— Exercise inputs —
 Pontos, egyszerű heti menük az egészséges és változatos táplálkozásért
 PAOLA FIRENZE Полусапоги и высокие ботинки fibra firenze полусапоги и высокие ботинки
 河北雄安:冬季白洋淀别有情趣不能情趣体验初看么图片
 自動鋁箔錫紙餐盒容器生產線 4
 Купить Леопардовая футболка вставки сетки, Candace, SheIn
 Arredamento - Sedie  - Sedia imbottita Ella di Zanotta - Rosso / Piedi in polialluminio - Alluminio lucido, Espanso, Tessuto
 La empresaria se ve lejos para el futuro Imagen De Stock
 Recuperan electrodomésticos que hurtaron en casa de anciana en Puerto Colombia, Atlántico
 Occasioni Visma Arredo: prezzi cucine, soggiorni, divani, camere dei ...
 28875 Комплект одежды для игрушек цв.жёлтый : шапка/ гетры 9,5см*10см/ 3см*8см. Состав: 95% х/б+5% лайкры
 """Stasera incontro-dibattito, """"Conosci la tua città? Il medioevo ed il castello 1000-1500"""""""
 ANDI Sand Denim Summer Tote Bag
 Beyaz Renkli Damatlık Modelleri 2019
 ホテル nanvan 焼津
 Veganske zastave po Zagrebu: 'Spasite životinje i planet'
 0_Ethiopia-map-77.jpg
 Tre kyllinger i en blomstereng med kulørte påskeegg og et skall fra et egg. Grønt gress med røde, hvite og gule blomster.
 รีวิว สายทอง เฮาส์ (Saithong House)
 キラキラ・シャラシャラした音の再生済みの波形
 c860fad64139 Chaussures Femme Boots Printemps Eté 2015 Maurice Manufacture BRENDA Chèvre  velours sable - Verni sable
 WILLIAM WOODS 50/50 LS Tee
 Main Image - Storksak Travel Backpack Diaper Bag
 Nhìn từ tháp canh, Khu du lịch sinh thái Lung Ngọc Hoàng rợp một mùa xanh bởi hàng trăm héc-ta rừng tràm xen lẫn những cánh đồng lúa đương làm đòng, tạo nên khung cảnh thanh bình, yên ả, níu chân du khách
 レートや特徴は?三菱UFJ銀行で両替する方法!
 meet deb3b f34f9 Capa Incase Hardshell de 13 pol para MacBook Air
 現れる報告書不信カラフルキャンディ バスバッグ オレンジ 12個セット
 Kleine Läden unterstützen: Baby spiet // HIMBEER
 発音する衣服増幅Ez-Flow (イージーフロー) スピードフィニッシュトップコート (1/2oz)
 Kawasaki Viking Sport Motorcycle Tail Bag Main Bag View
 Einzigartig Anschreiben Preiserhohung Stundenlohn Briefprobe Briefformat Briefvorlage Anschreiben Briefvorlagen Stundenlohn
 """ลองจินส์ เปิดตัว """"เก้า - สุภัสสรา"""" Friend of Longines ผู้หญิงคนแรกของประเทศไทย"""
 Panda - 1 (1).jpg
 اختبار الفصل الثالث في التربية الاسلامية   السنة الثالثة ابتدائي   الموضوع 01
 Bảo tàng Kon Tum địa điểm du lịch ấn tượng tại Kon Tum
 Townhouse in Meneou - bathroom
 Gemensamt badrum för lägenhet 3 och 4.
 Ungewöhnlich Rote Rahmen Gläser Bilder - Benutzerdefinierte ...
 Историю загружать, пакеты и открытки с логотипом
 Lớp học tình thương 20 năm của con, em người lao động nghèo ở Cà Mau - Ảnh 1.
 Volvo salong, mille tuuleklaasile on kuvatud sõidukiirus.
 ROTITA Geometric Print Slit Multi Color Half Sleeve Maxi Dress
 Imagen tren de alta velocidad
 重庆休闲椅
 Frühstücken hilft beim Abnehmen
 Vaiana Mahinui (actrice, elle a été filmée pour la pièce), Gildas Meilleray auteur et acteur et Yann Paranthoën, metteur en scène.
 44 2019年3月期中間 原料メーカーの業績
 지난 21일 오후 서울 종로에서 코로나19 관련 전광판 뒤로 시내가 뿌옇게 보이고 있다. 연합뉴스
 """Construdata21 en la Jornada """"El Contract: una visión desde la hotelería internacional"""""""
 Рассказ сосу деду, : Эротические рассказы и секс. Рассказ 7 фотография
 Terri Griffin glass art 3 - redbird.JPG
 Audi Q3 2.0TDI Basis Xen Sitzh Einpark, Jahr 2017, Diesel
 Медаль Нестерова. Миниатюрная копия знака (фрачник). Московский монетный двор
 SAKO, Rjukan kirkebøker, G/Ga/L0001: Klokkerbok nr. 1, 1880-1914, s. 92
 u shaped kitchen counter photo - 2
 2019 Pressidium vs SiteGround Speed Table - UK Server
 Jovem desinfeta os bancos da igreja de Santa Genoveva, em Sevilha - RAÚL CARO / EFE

— Work instruction —
Which lines run from the one containing "Рассказ сосу деду, : Эротические" to the final line of the entries? Return those lines exactly, and only those.

— Solution to this problem —
 Рассказ сосу деду, : Эротические рассказы и секс. Рассказ 7 фотография
 Terri Griffin glass art 3 - redbird.JPG
 Audi Q3 2.0TDI Basis Xen Sitzh Einpark, Jahr 2017, Diesel
 Медаль Нестерова. Миниатюрная копия знака (фрачник). Московский монетный двор
 SAKO, Rjukan kirkebøker, G/Ga/L0001: Klokkerbok nr. 1, 1880-1914, s. 92
 u shaped kitchen counter photo - 2
 2019 Pressidium vs SiteGround Speed Table - UK Server
 Jovem desinfeta os bancos da igreja de Santa Genoveva, em Sevilha - RAÚL CARO / EFE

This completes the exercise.